Each of these gene expression and immunohistochemical panels identifies a good prognosis group that may not need chemotherapy. Emerging evidence suggests that some panels identify women at such low risk of late recurrence that they may safely avoid extended endocrine therapy. For high-risk women, however, the question is not one of chemotherapy versus no chemotherapy, but rather a question of which chemotherapy agent(s) will be most effective for which patients – a true predictive indication. In Martin and colleagues’ report, the EP score did not predict benefit from adding weekly paclitaxel to fluorouracil–epirubicin–cyclophosphamide chemotherapy. Outcome-trained signatures from nonchemotherapy populations are unlikely to predict between chemotherapy regimens; Table 1 summarizes some relevant features of the referenced molecular signatures, including predictive studies.

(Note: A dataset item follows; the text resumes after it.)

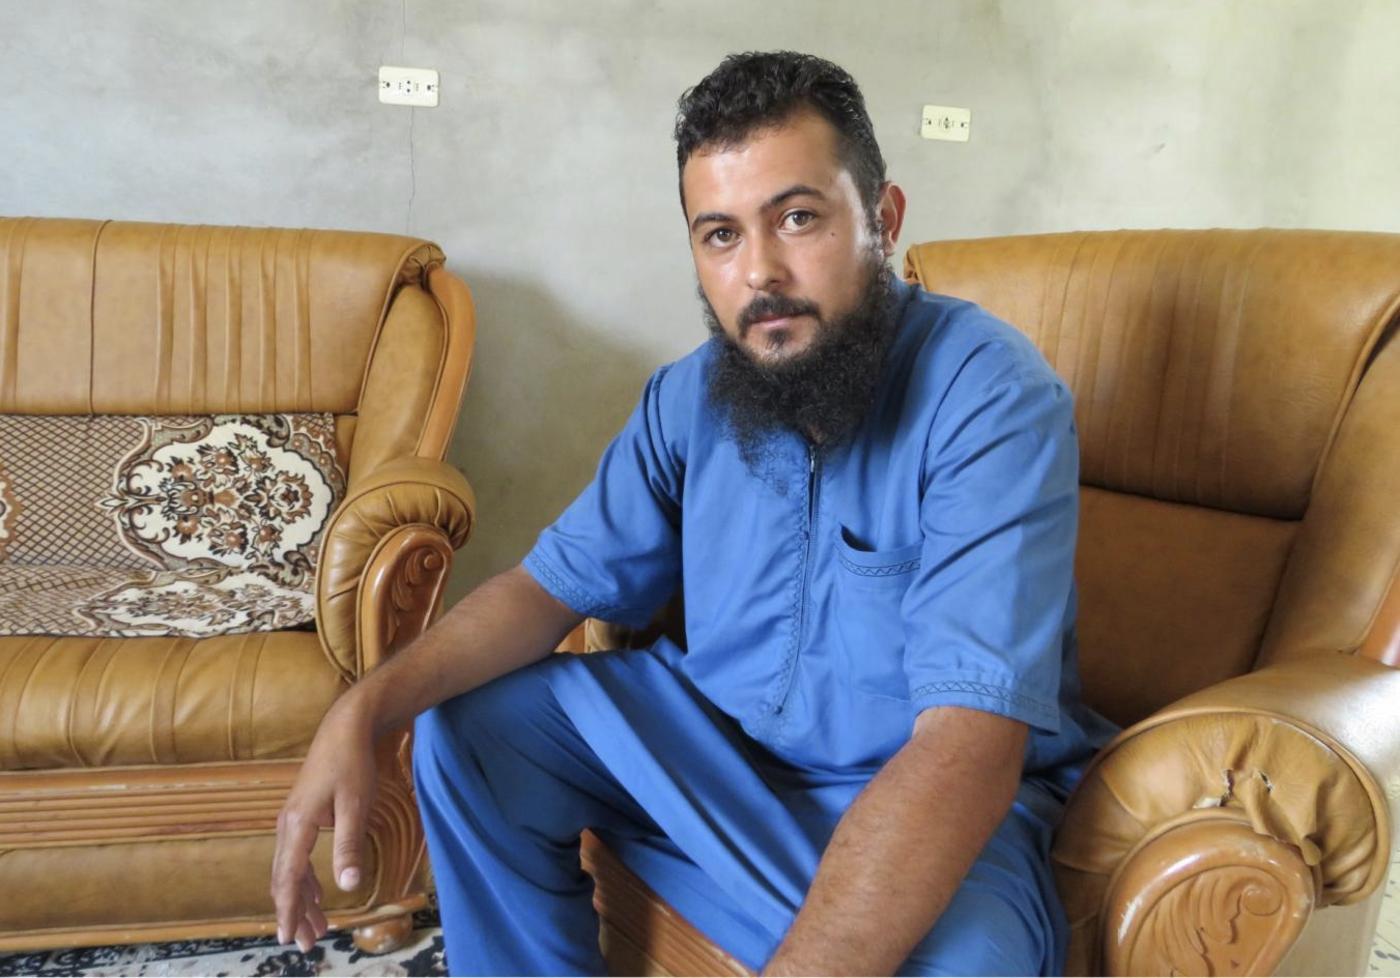 Mohammed Abu Ajila Enbis dans la maison dont il avait été chassé, à Espiaa, fin2019 (MEE/Daniel Hilton)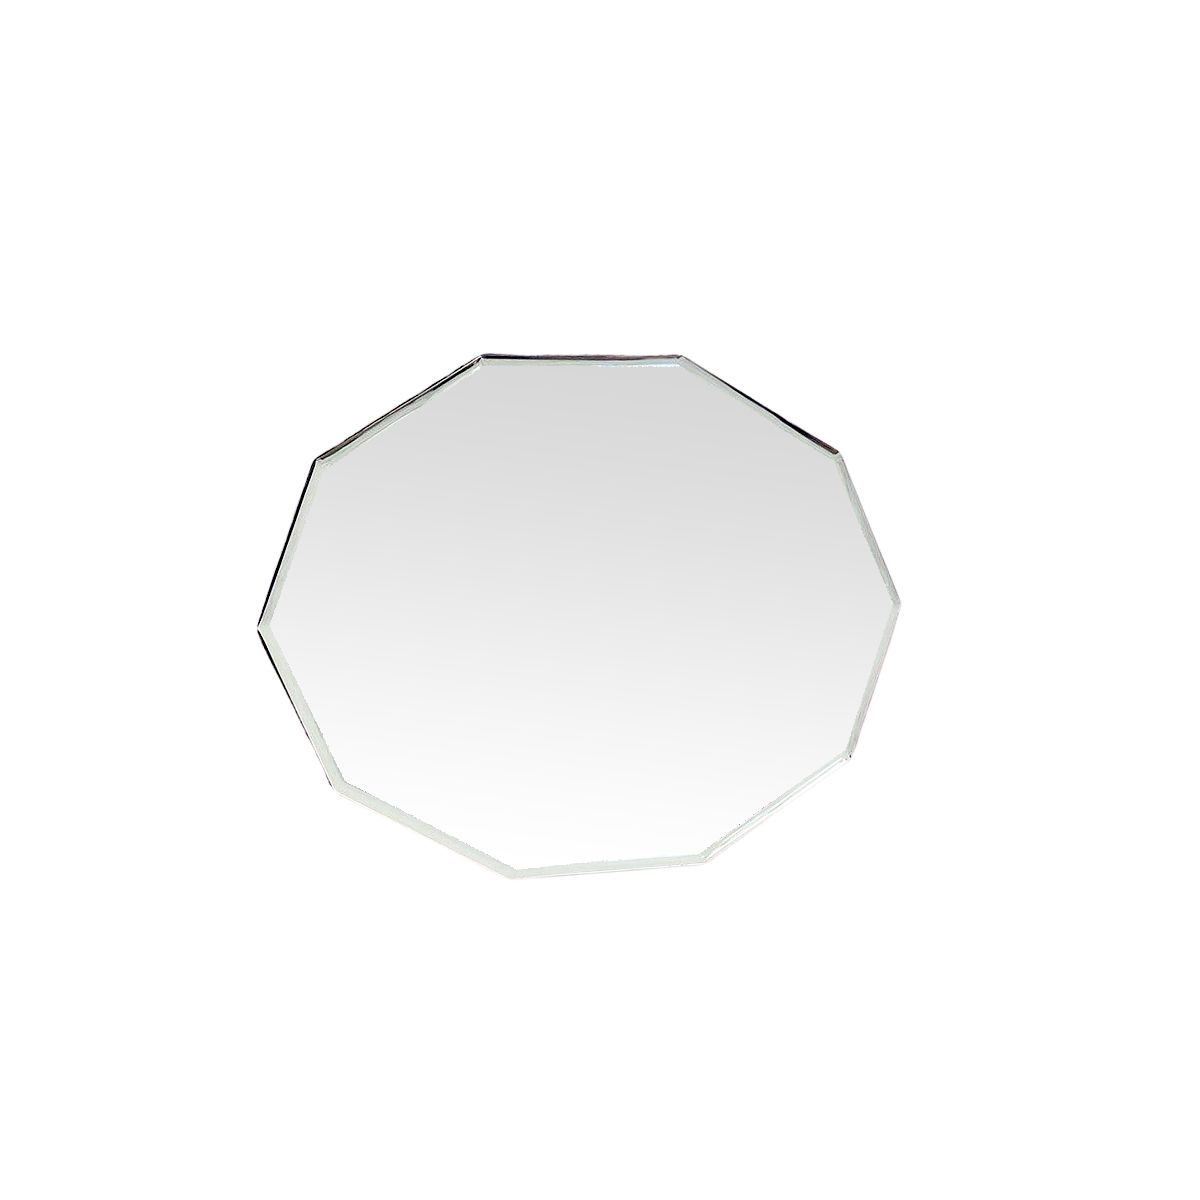 Miroir décagonal ovale biseauté blanc 44x59

Table 1 Overview of selected multigene signatures for breast cancer

What does the future hold for gene expression signatures? Cheaper and faster next-generation sequencing has been touted as the pinnacle of personalized medicine, destined to render multigene expression assays obsolete. However, the genetic complexity of tumors (copy number variations, chromosome-scale structural changes, thousands of mutations, epigenetic changes and intratumoral genetic heterogeneity) is proving even more complex than anticipated. Much as the increased detail from electron microscopy never did replace light microscopy for cancer diagnosis, the broader signatures detected by representative gene expression profile assays, reflecting clinically significant patterns common across many patients, are likely to remain relevant for important treatment decisions.